A couple weeks ago, they noticed I had my toenails painted.  This is a new thing for me.  I got a pedicure for the first time in mid-December, so I painted my nails again when it started to wear off.  The kids could not stop staring at my toes while we were in our meditation circle, but they’re a really focused group, so I have the luxury to let them get a little distracted, then refocus them on the class without too much trouble.

I said they had done an excellent job in class so far, and if they kept it up, I would paint my toes any color they wanted.

One kid immediately shouted, “Green!”  A chorus of, “Yeah, green!” started up, and I had no choice.  Green it is.
“Ok,” I said, “light green or dark green?”
The response was instantaneous and unanimous, “Light green!”

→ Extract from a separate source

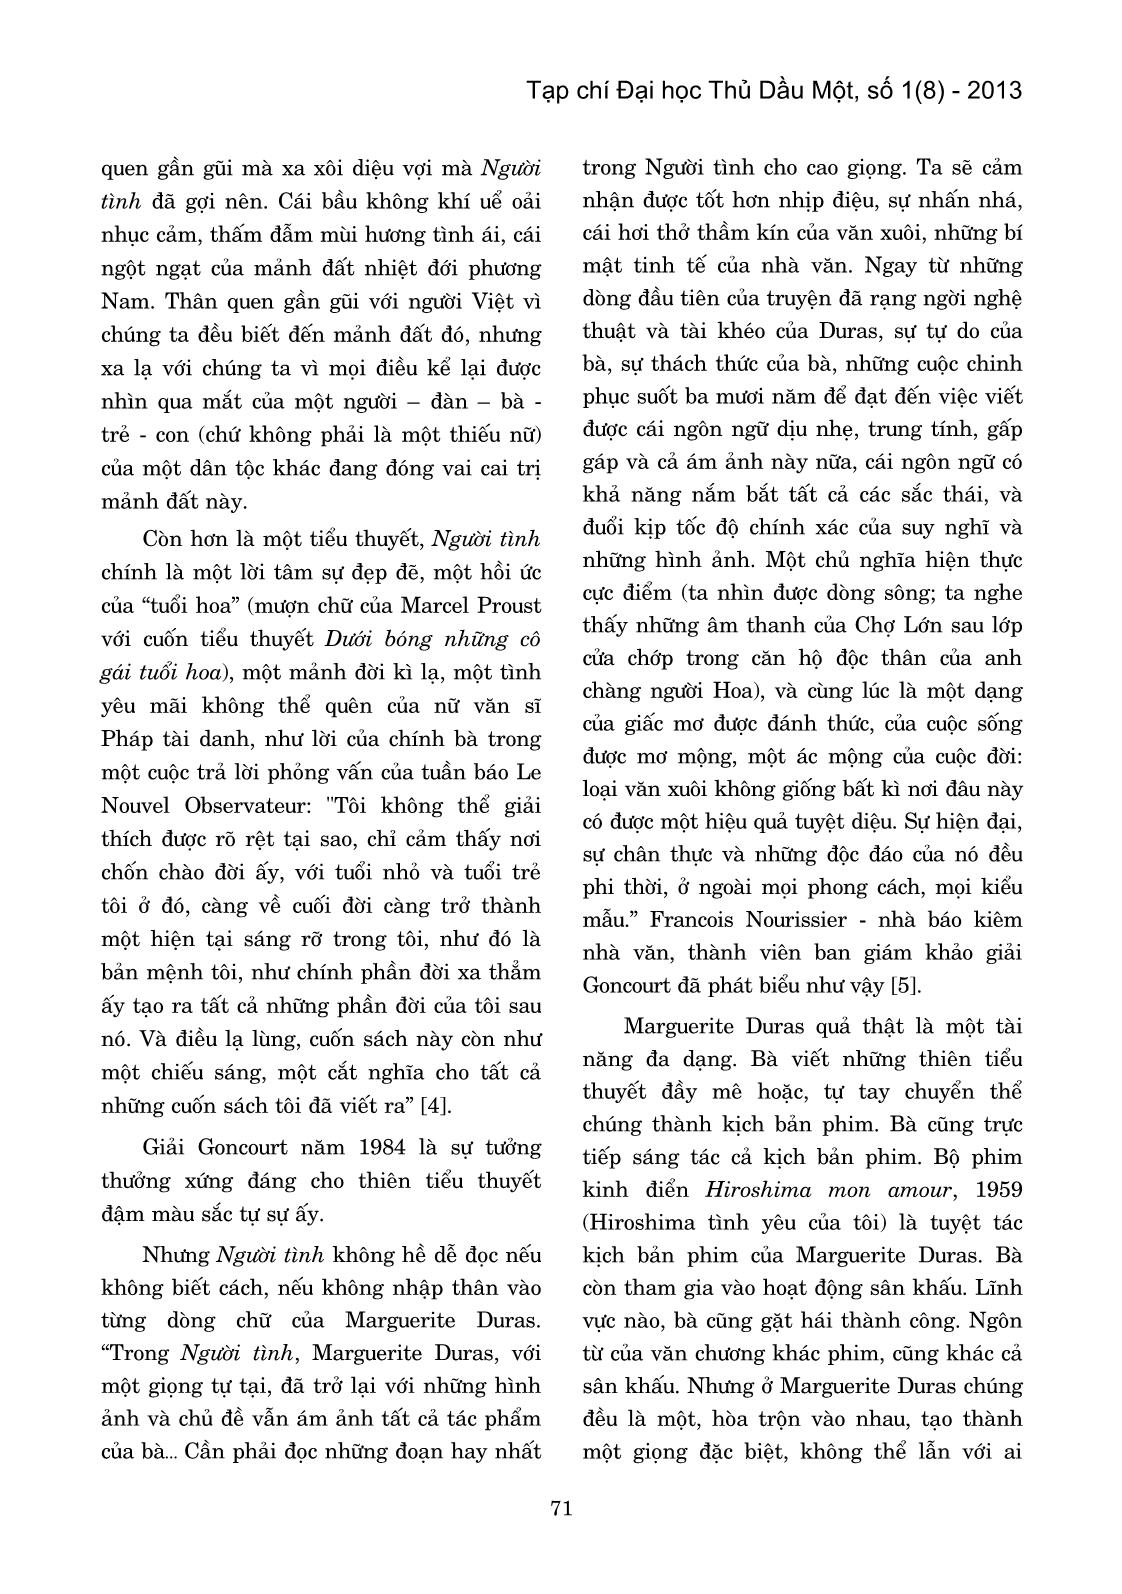 Arguerite Duras với tình yêu và ký ức về miền Nam Kì lục tỉnh trang 5
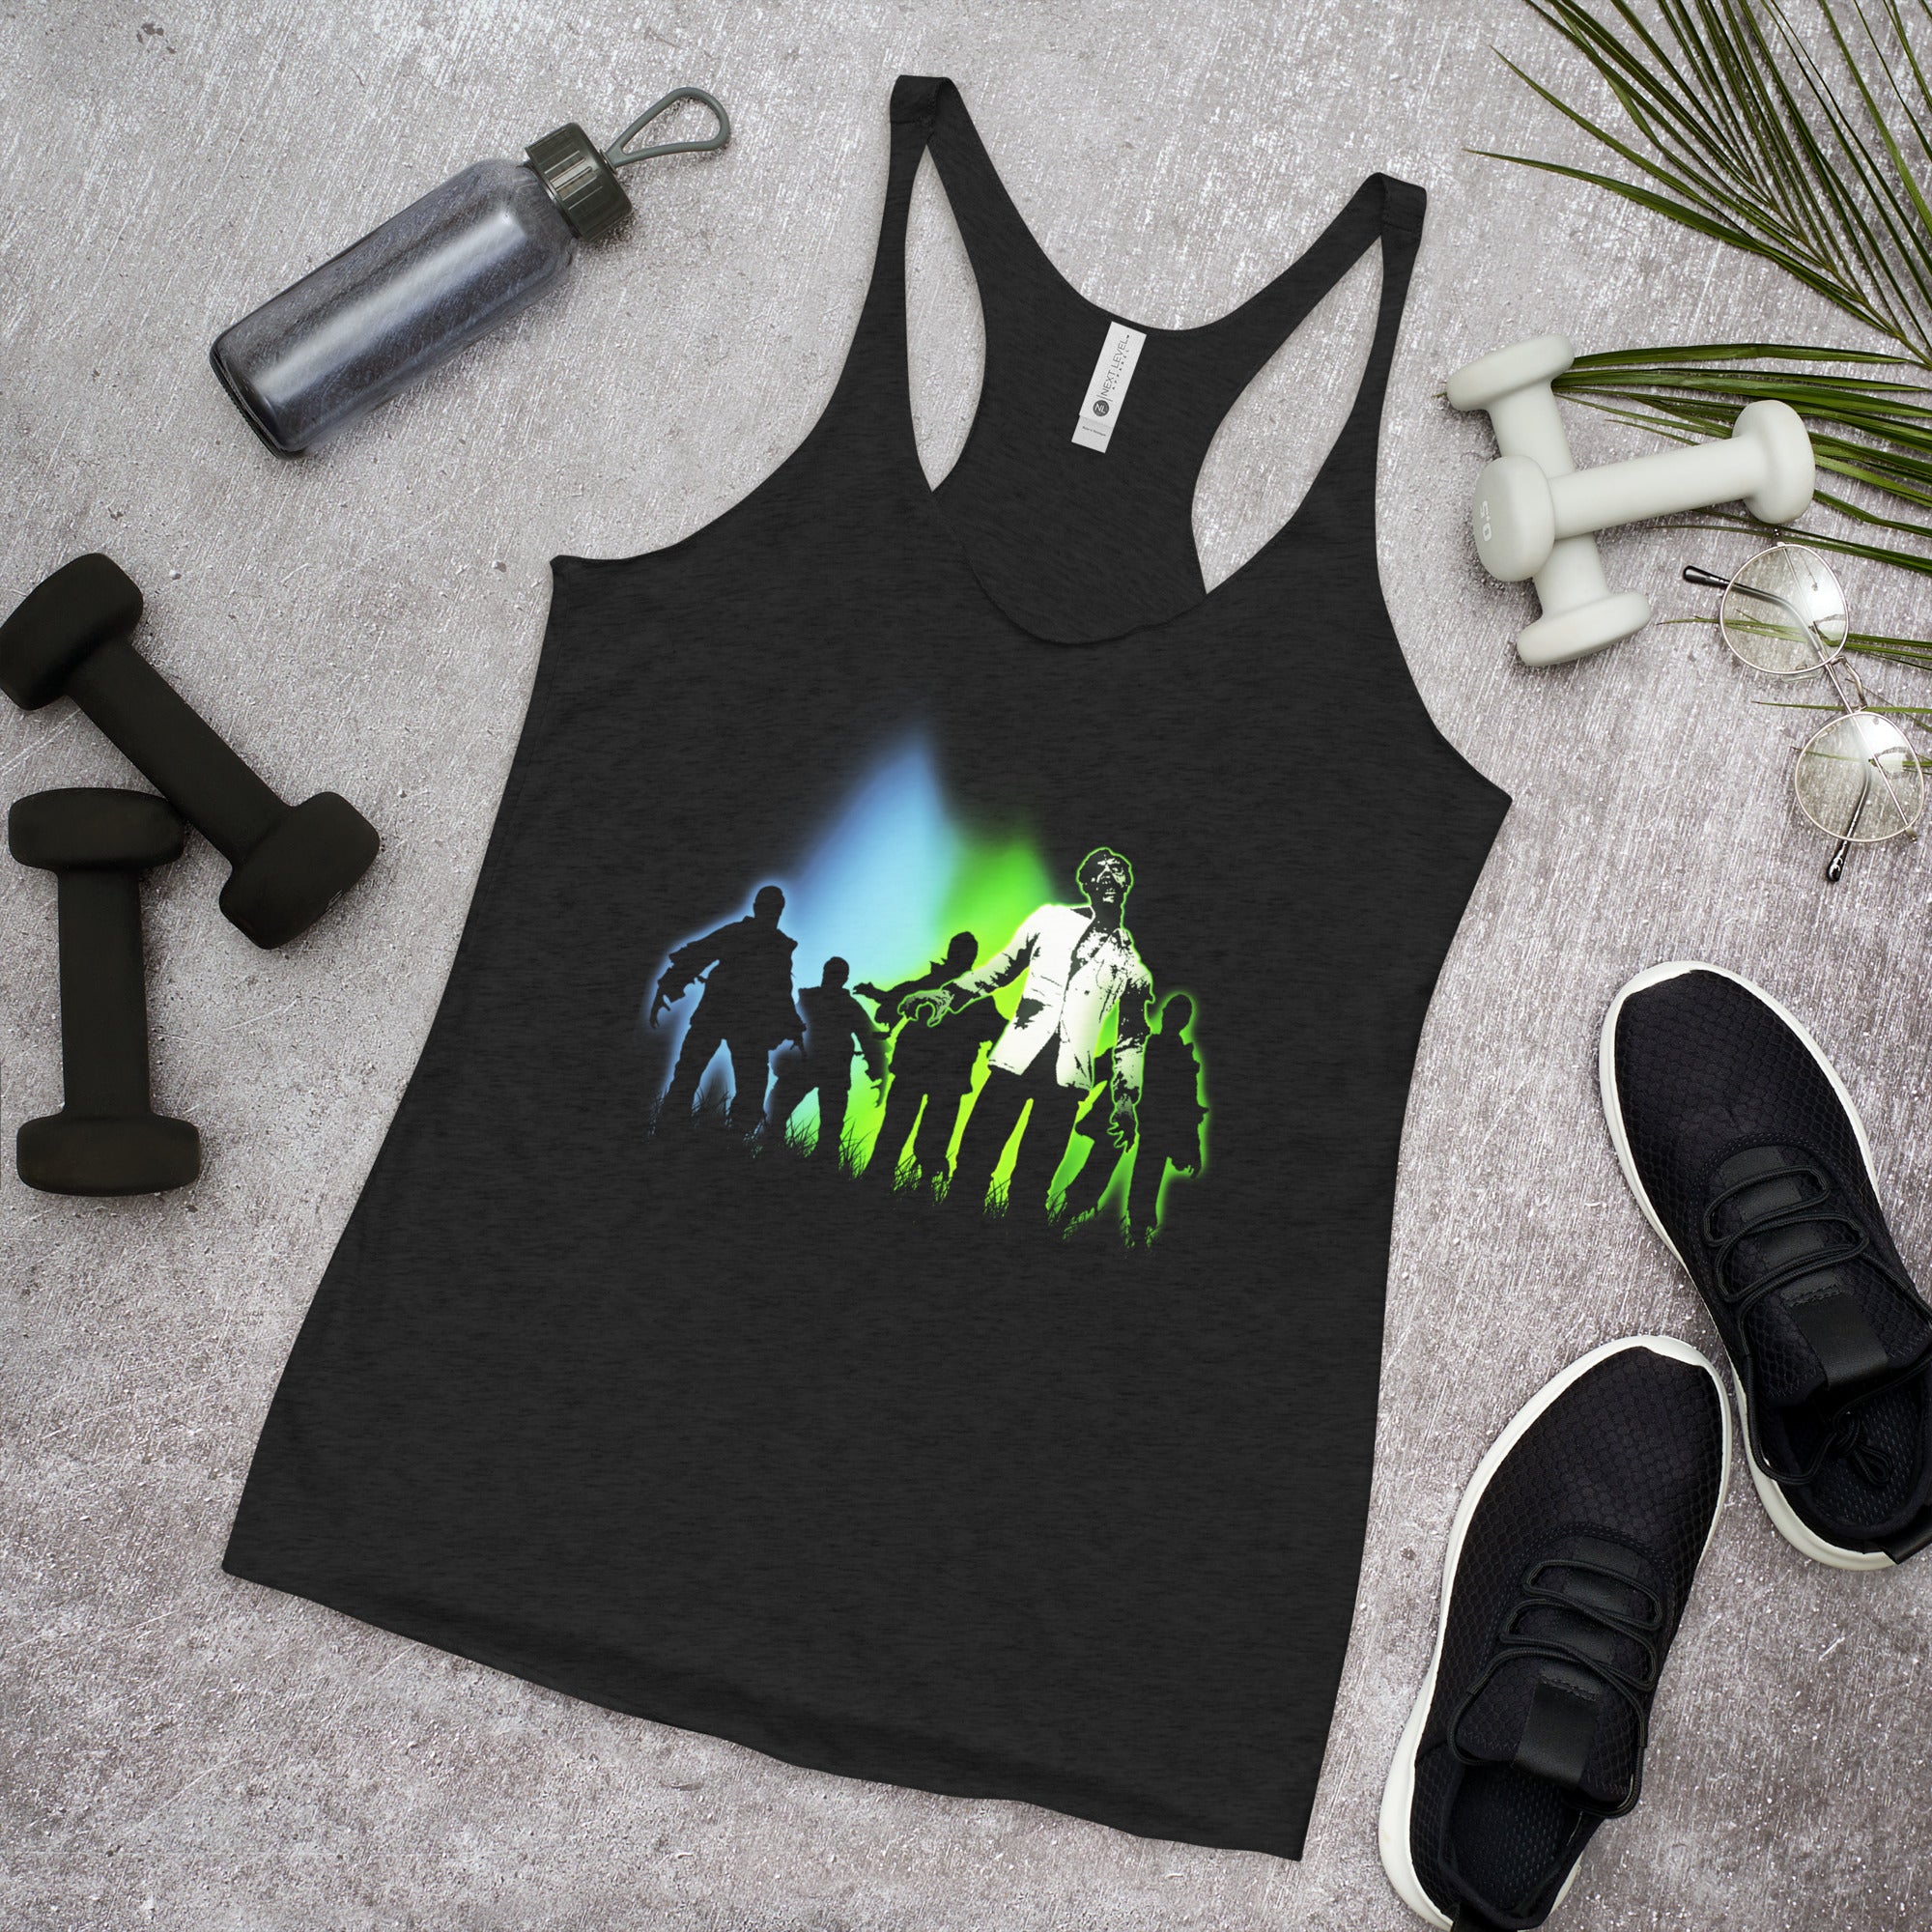 Radioactive Walking Dead Zombie Horde Women's Racerback Tank Top Shirt - Edge of Life Designs

I found some cheap metallic green polish at Target.  I plan on putting it on Thursday night so I can put off making my toes look like they’re rotting away due to radioactive exposure for as long as possible.  Who knows, I might love it.  I’ll upload a photo of the damage when it’s done.

UPDATE
The deed is done.

equal parts horrifying and fun

 


Shinies

I pretty much caught Boyfriend looking at rings on his iPhone a few months ago.

He was showing me some random photos he had taken, and as I scrolled back, I found a few diamond rings.  “That’s pretty…” I mumbled, vaguely.
“I was… looking for jewelry for my grandma.  For Christmas.”  A quick, if somewhat inept recovery.
“Ah, ok… Diamond rings?”
“Yeah…”
“I wanna help.  Let’s look.”
“Ok.”

And that is the story of how I tricked Boyfriend into finding out what kind of engagement ring I would want.  Naturally he prefers something with a more modern look.  I prefer antique.  We found some compromises.  I’m leaning toward hexagonal settings.

He doesn’t want to get engaged until we’ve lived together, and know for a fact that we can stand that kind of lifestyle.  It’s a good idea, but I don’t see that happening anytime in the next year or so.  So I made him promise to stay with me forever.  Now, when he’s being cute, I look and him and say, “No take-backs,” to remind him of his promise.  He always smiles, laughs, and agrees, yes, no take-backs.

purty, but does it have to be a diamond?


Y’know what’s awesome? Star Trek: TNG.

pictured: my childhood heroes

I used to watch Star Trek: The Next Generation with my dad all the time growing up, especially if mom was out of town on business.  He would make chicken adobo (his ‘signature dish’), and we would sit down on the floor of the TV room and watch TNG until homework or bedtime.  It was the best.

Last month, I discovered a Twitter feed called TNG_S8 that tweets the plot summaries of the fictitiously “unaired” season 8 episodes of TNG.  HILARIOUS.

This show is so awesome.  They worked so hard to stay close to scientific fact, even when discussing stuff like black holes and warp speeds.  It’s pretty impressive.  I just love it.  I can’t believe a show about space exploration and scientific discovery lasted a whole seven seasons in prime time.  It warms the cockles of my heart.

I spent a good chunk of the winter break while I was sick lying on the couch watching the entire series on Netflix; time well spent.


Y’know what’s awesome? Home Movies.

Melissa, Brandon, and Jason

I’m on a Home Movies kick right now.  It’s such a great show.  The humor is so quick and subtle, the kids are hilarious, and the art style is simple and fun.  I burst out laughing at the last line of the first episode.  I’m so glad there’s an American cartoon for adults like this.

I’ve been watching a bunch with Boyfriend, who seems to take more pleasure in watching me laugh than he does in the show itself.  “Yeah?  Was that funny, pretty girl?” he’ll say as I chuckle to myself long after the last joke was over.  Then with the snuggling.